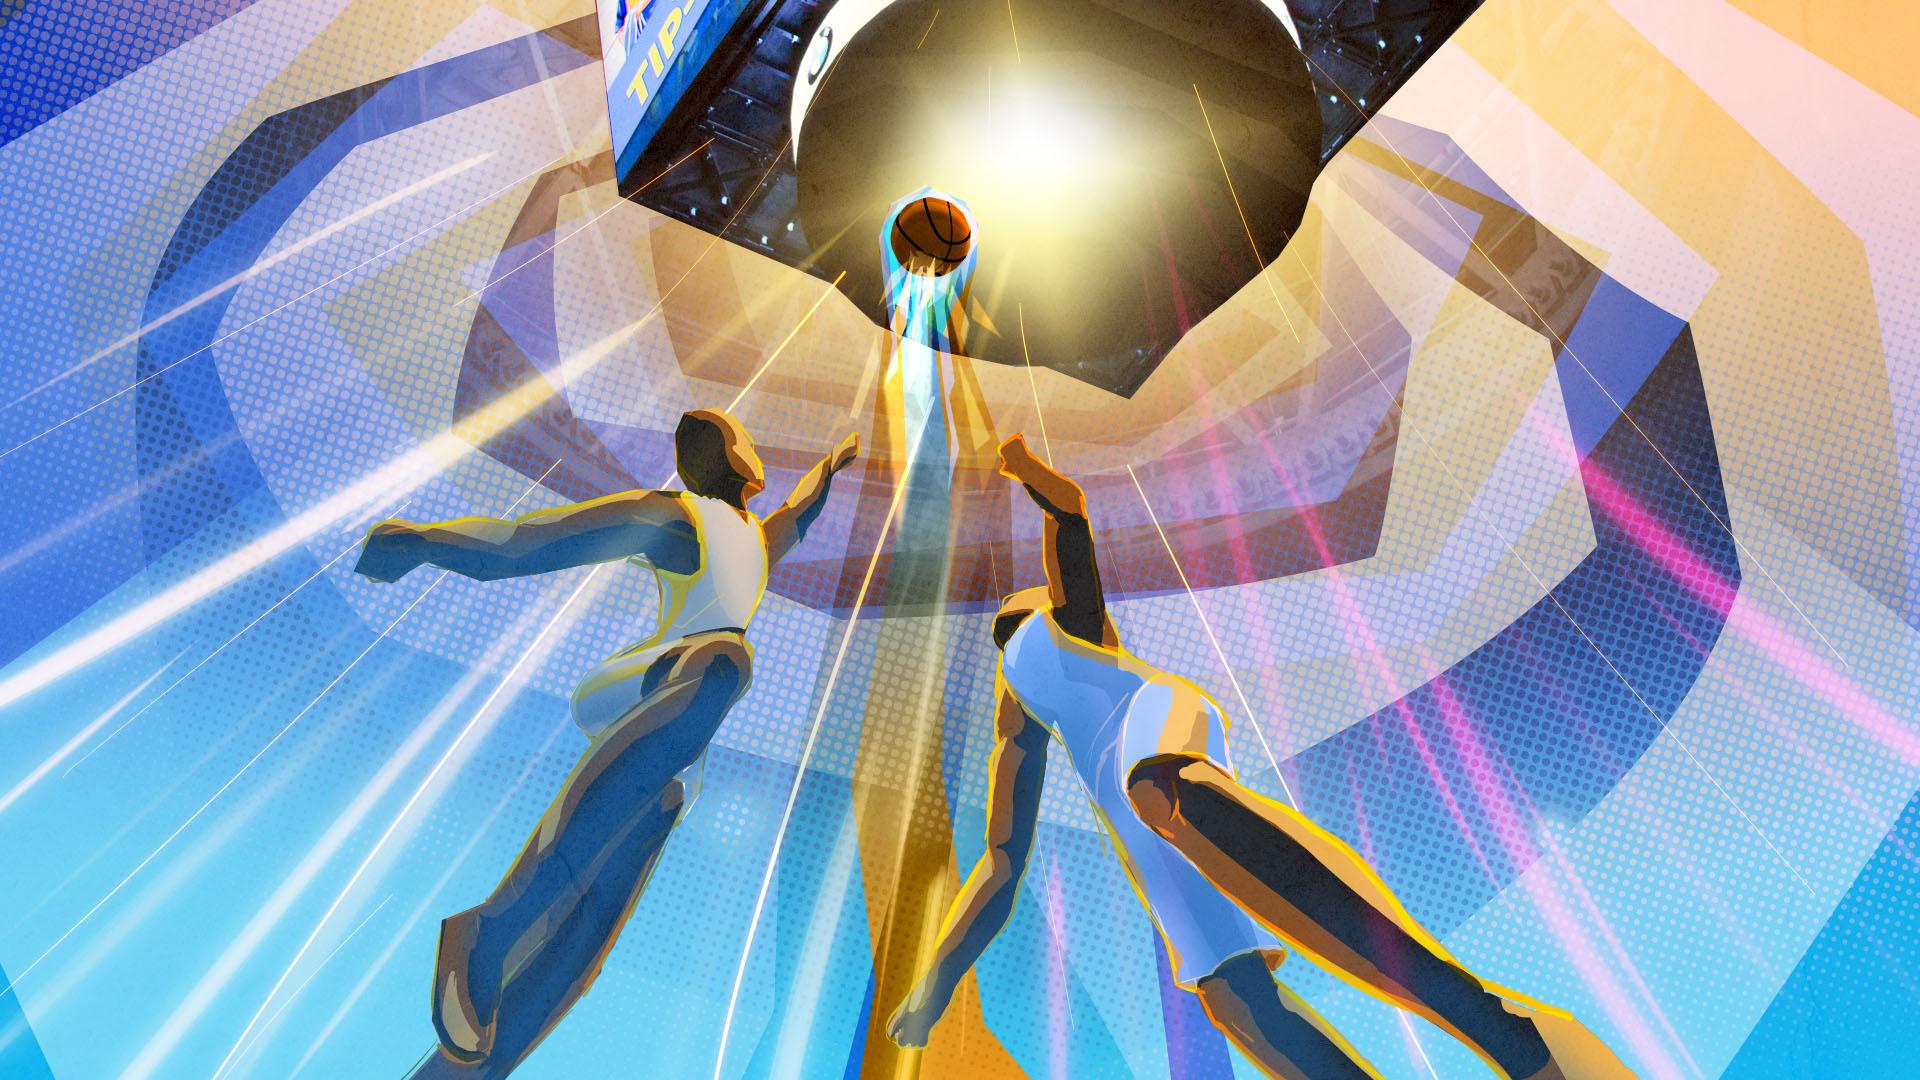 Golden State Warriors Concept Art
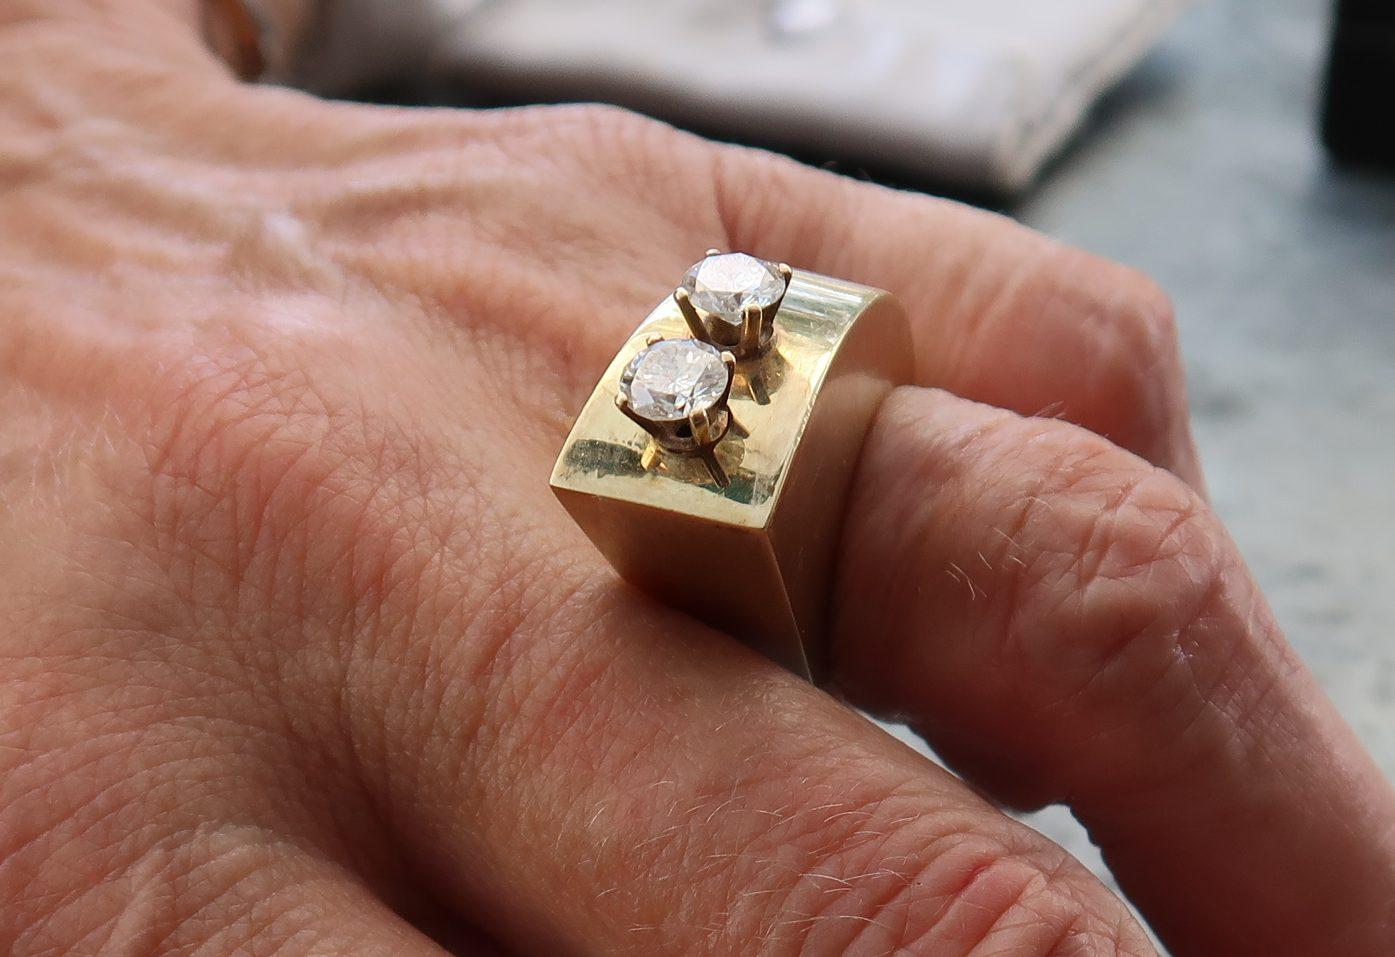 Karel Niehorster, ring, 1991. Particuliere collectie. Foto Coert Peter Krabbe, goud, briljanten
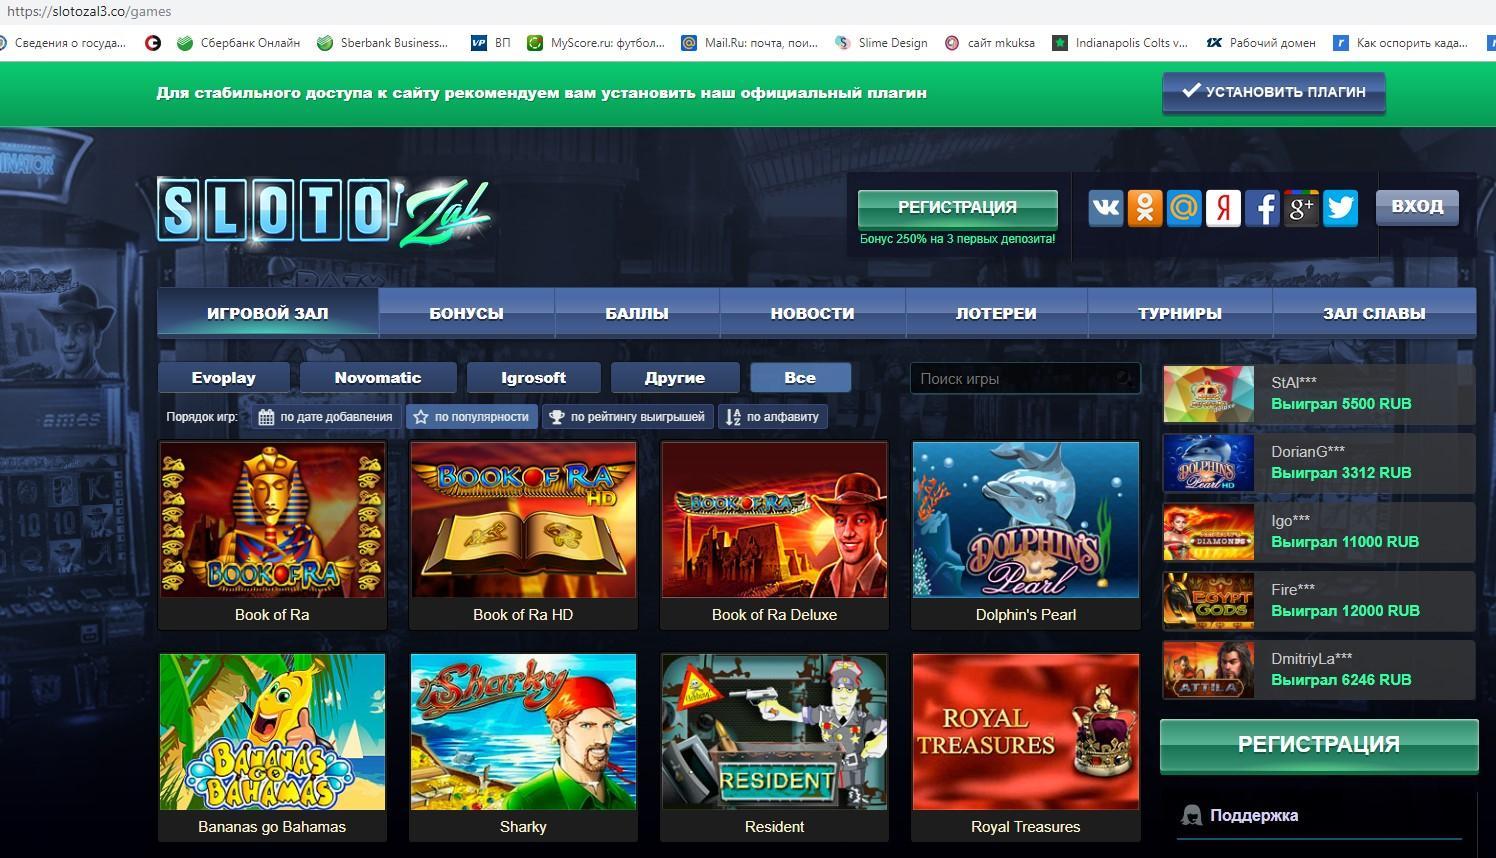 слотозал казино онлайн играть
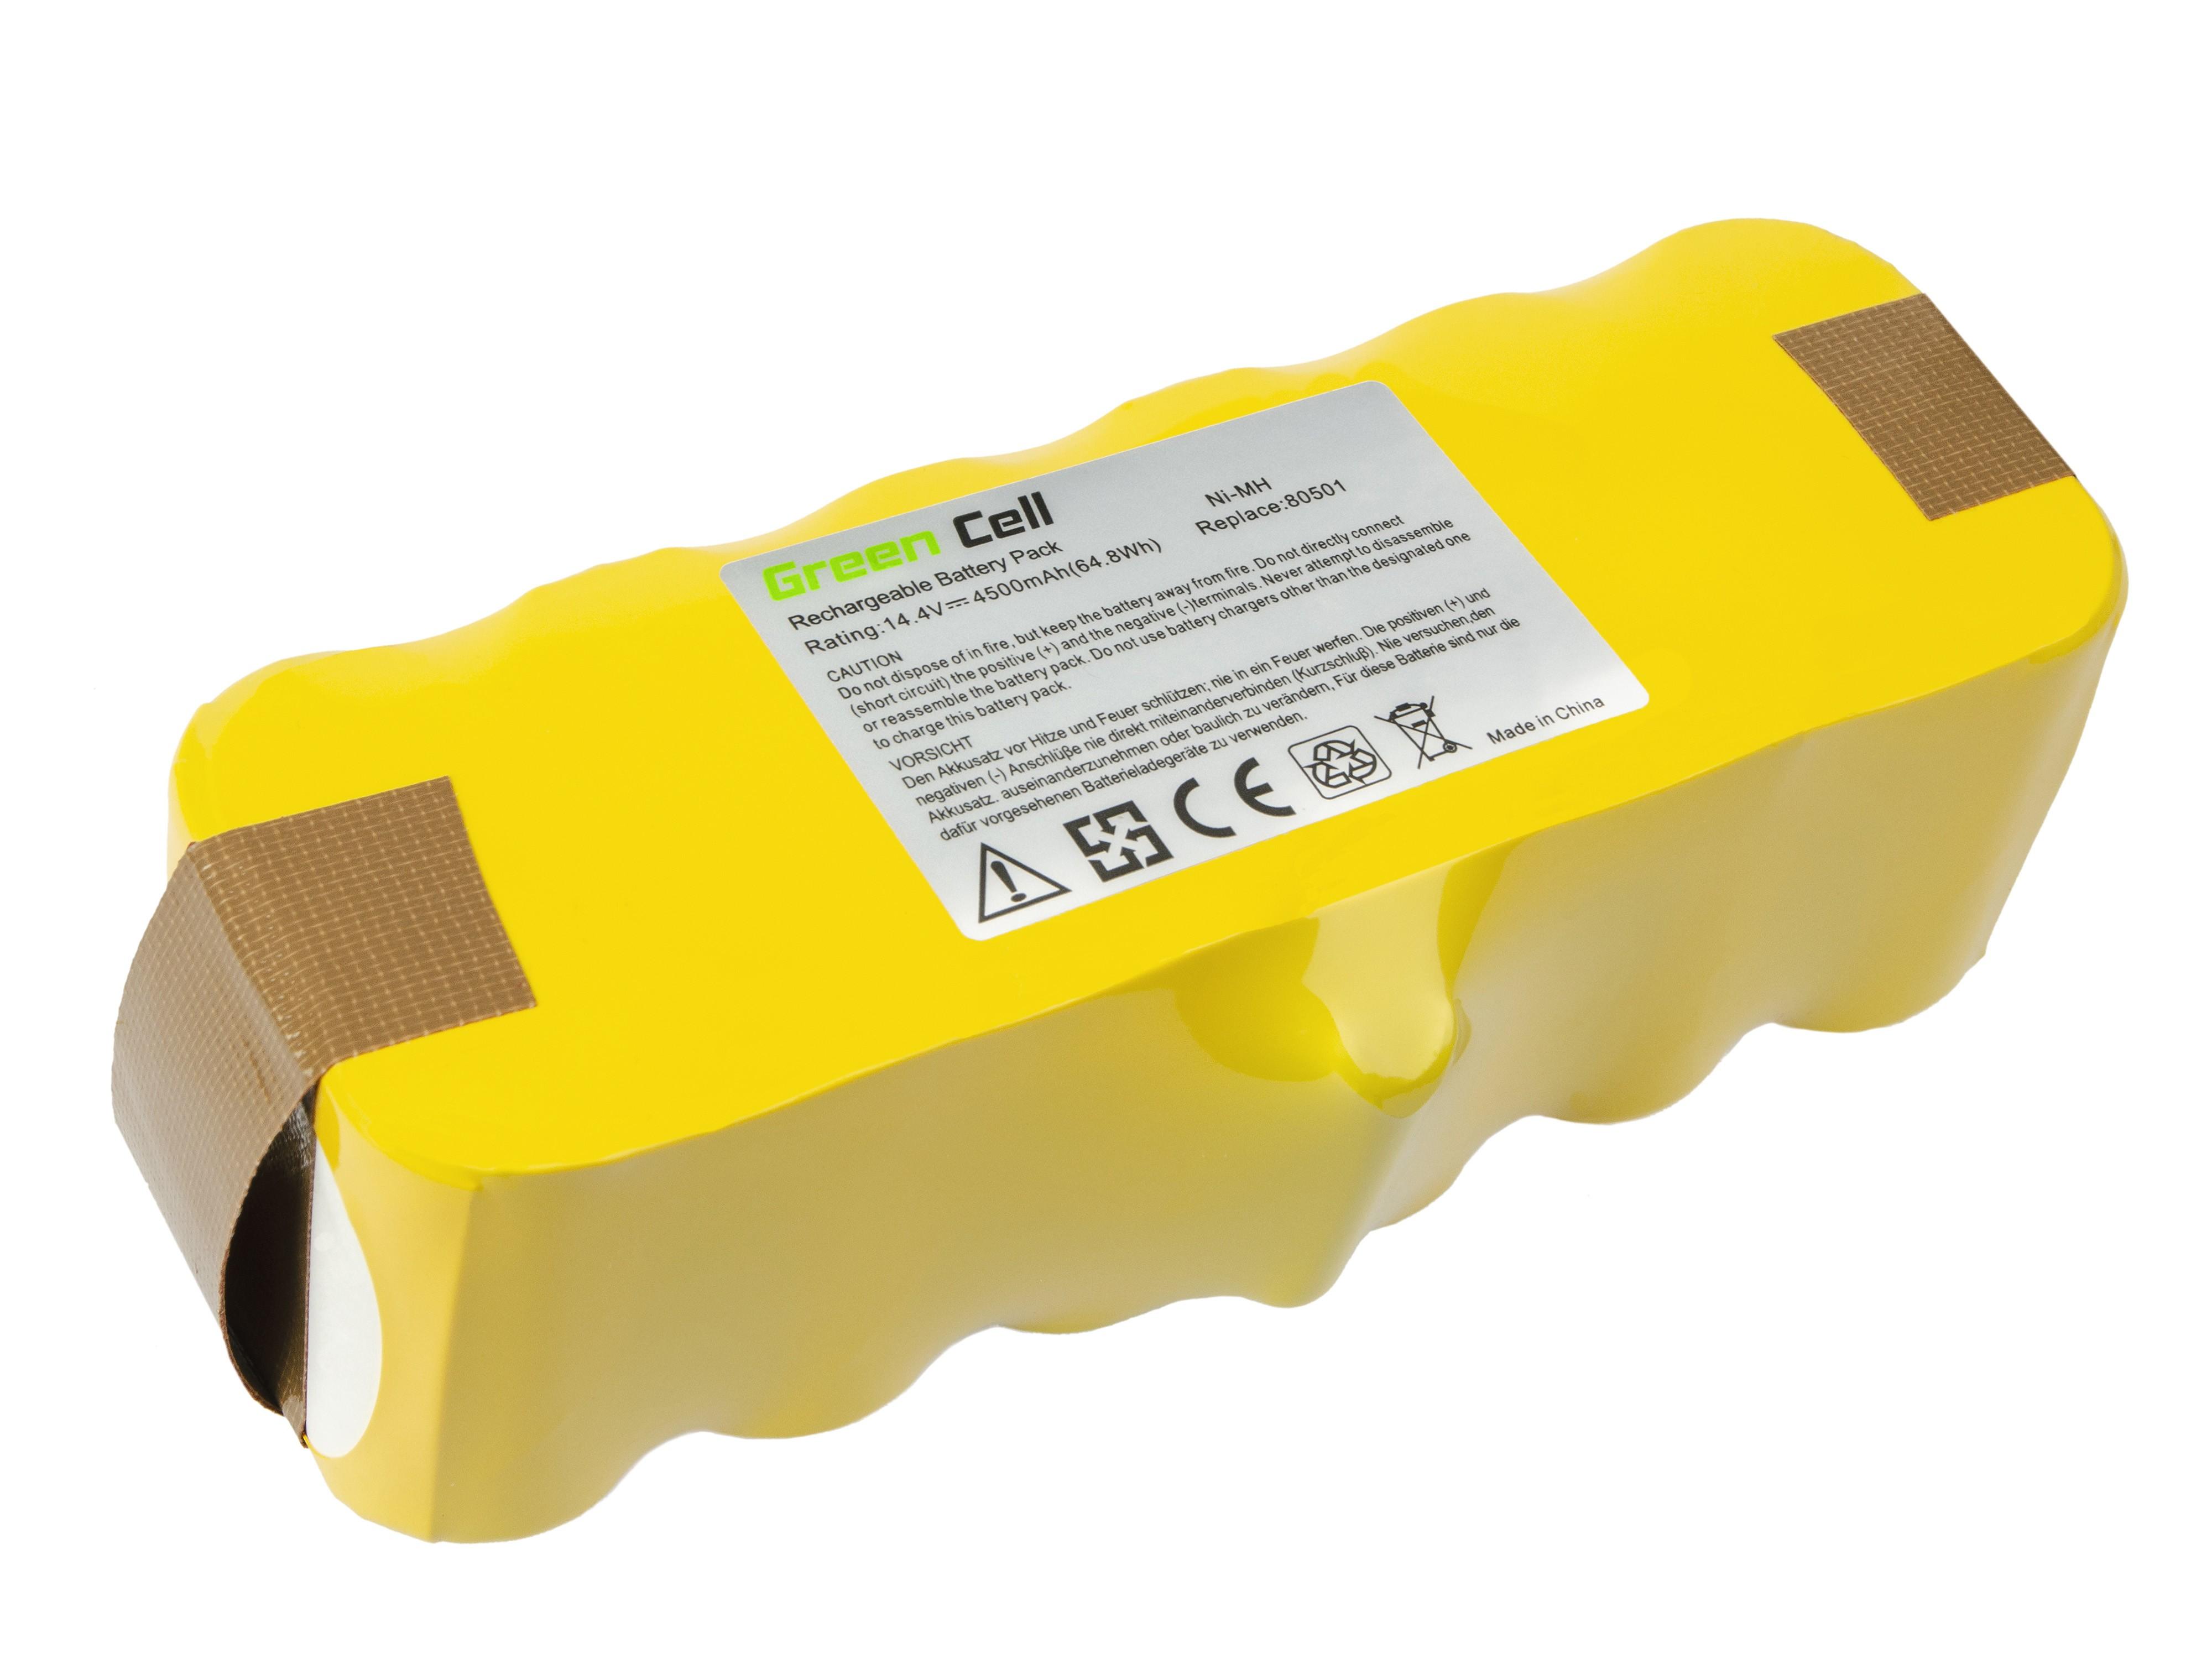 Batteri 80501 för iRobot Roomba 510 530 540 550 560 570 580 610 620 625 760 770 780

....

EXERCISE >>
Output all of the data exactly as it stands, minus any images.

ANSWER TO THIS EXERCISE >>
 Golden State Warriors Concept Art
 Karel Niehorster, ring, 1991. Particuliere collectie. Foto Coert Peter Krabbe, goud, briljanten
 слотозал казино онлайн играть
 Batteri 80501 för iRobot Roomba 510 530 540 550 560 570 580 610 620 625 760 770 780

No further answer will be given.